Братья читают над ним отходную, а когда он испускает дух, хором поют стих Subvenite Sancti Dei [111]111
Помозите, святые Божии (лат.).
[Закрыть]. Отец аббат кадит над мертвым телом; его обмывают, а монахи в это время читают заупокойную службу.
Затем на покойника надевают обыкновенное облачение и процессией переносят в церковь, где он лежит на носилках с открытым лицом до часа погребения.

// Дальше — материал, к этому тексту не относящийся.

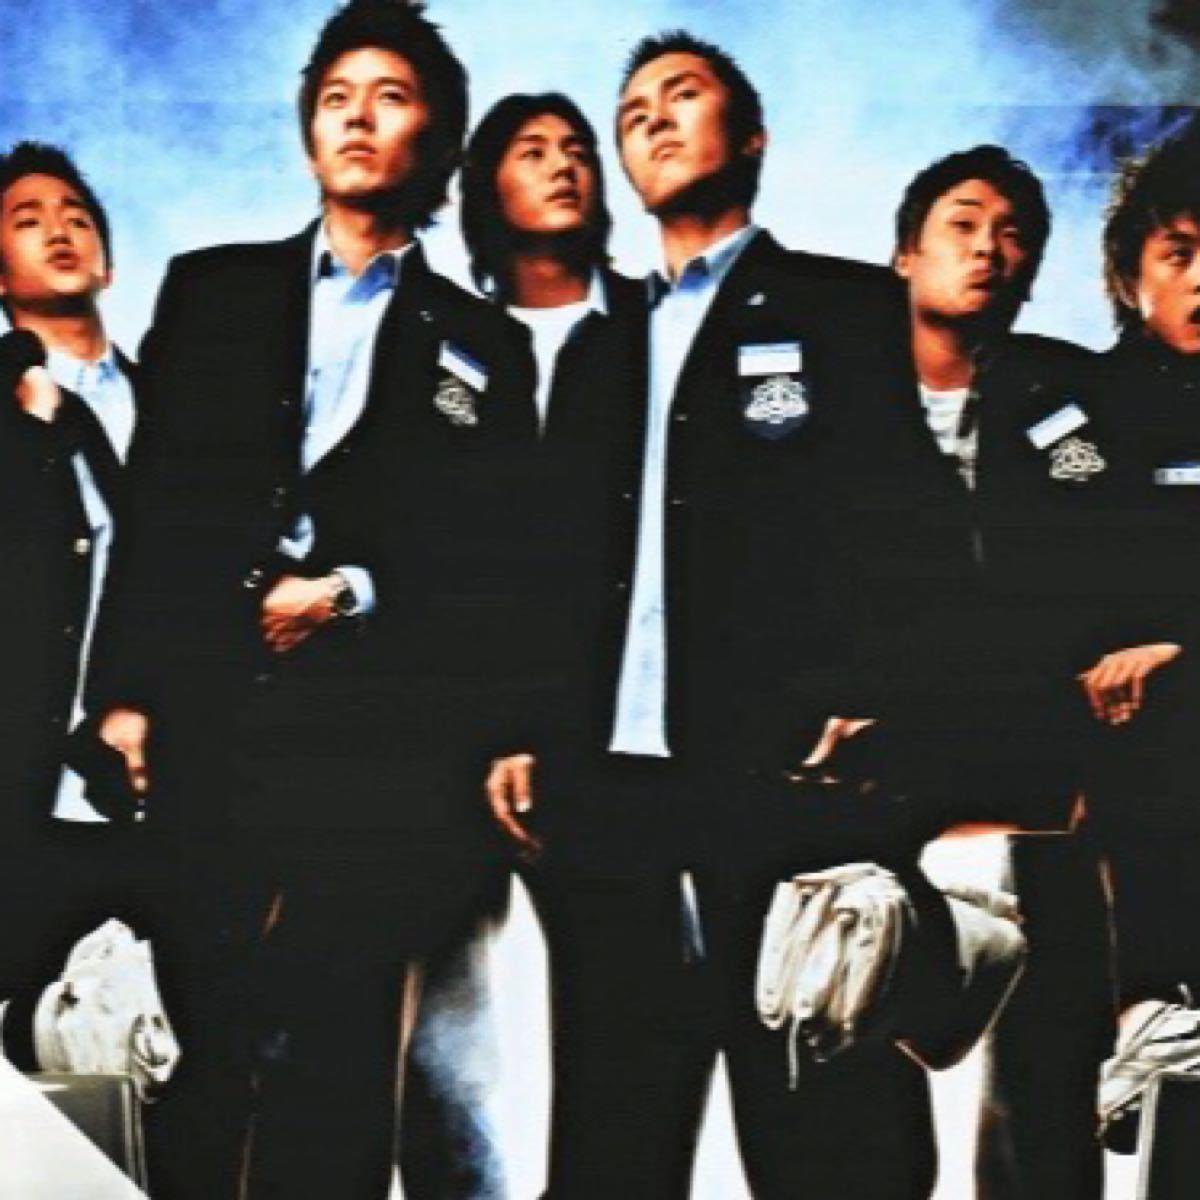 韓国映画 まわし蹴り ヒョンビン DVD レーベル有り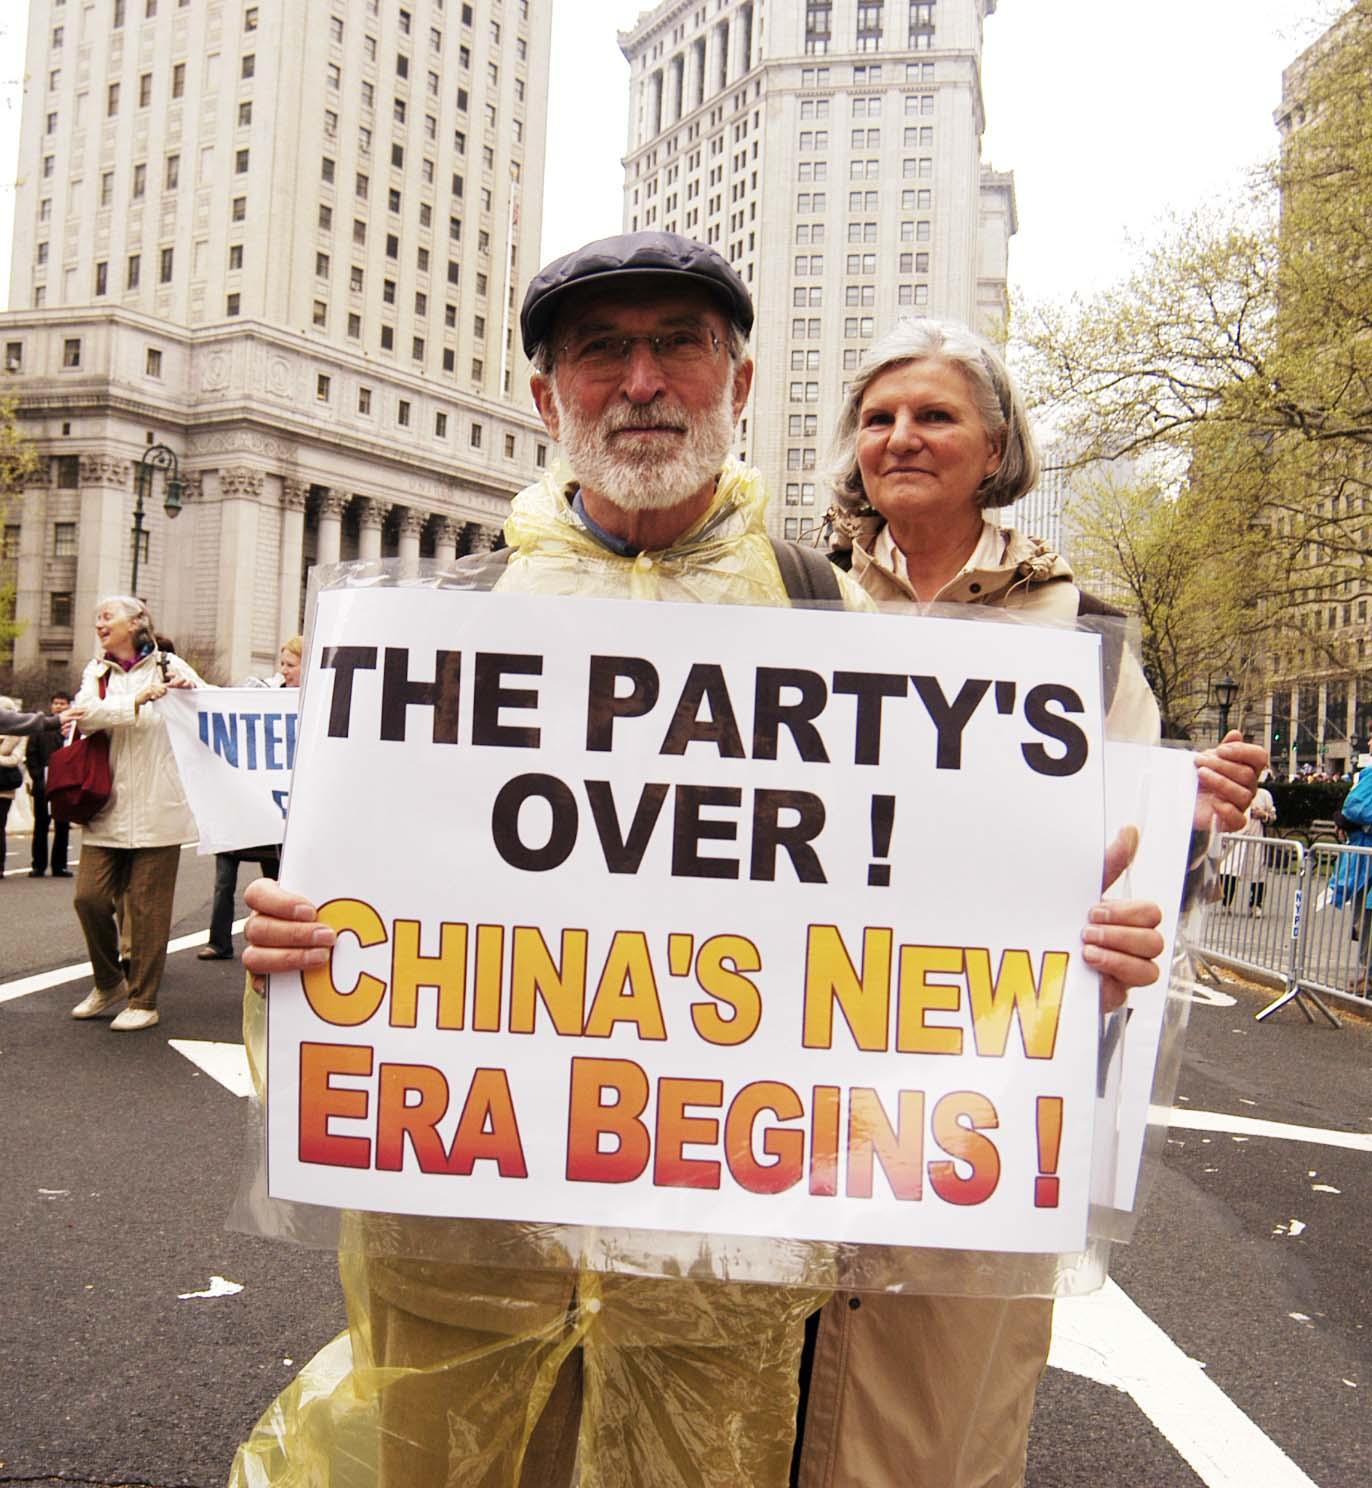 Mehr als 3 Millionen erklärten bereits ihren Austritt aus der KP Chinas

Тогда вся обитель, по дороге на кладбище, начинает петь уже не песнопения об усопших, не скорбные псалмы, не печальные гимны, а «На исход Израиля из Египта» – псалом освобождения, радостную песнь избавления.
Хоронят же трапписта без гроба, в сермяжном балахоне, накрыв голову капюшоном.
Потом тридцать дней его место в трапезной остается праздным и пайку его подают, как обычно, но брат привратник отдает ее нищим. Ах, какое блаженство такая кончина! – воскликнул живущий, оканчивая рассказ. – Ведь если ты умер, честно исполнив свои обязанности в ордене, то можешь быть уверен в вечном спасении, согласно обетованию Господа нашего святым Бенедикту и Бернарду!
– А дождик прошел, – заметил Дюрталь. – Мне хотелось бы сегодня побывать в маленькой часовне в конце парка, о которой вы, помните, говорили мне на днях. Как туда пройти покороче?
Г-н Брюно объяснил дорогу, и Дюрталь, свернув цигарку, спустился к большому пруду, оттуда направился по дорожке, уходившей влево, и поднялся по аллейке.
Мокрая земля была скользкой, идти тяжело. Наконец Дюрталь добрался до куста орешника, обошел его. За кустами стояла карликовая башенка с миниатюрным шпилем и дверцей в стене. По обеим сторонам от дверцы на пьедесталах, где под бархатистым моховым покровом еще виднелся орнамент романской эпохи, стояли два ангела.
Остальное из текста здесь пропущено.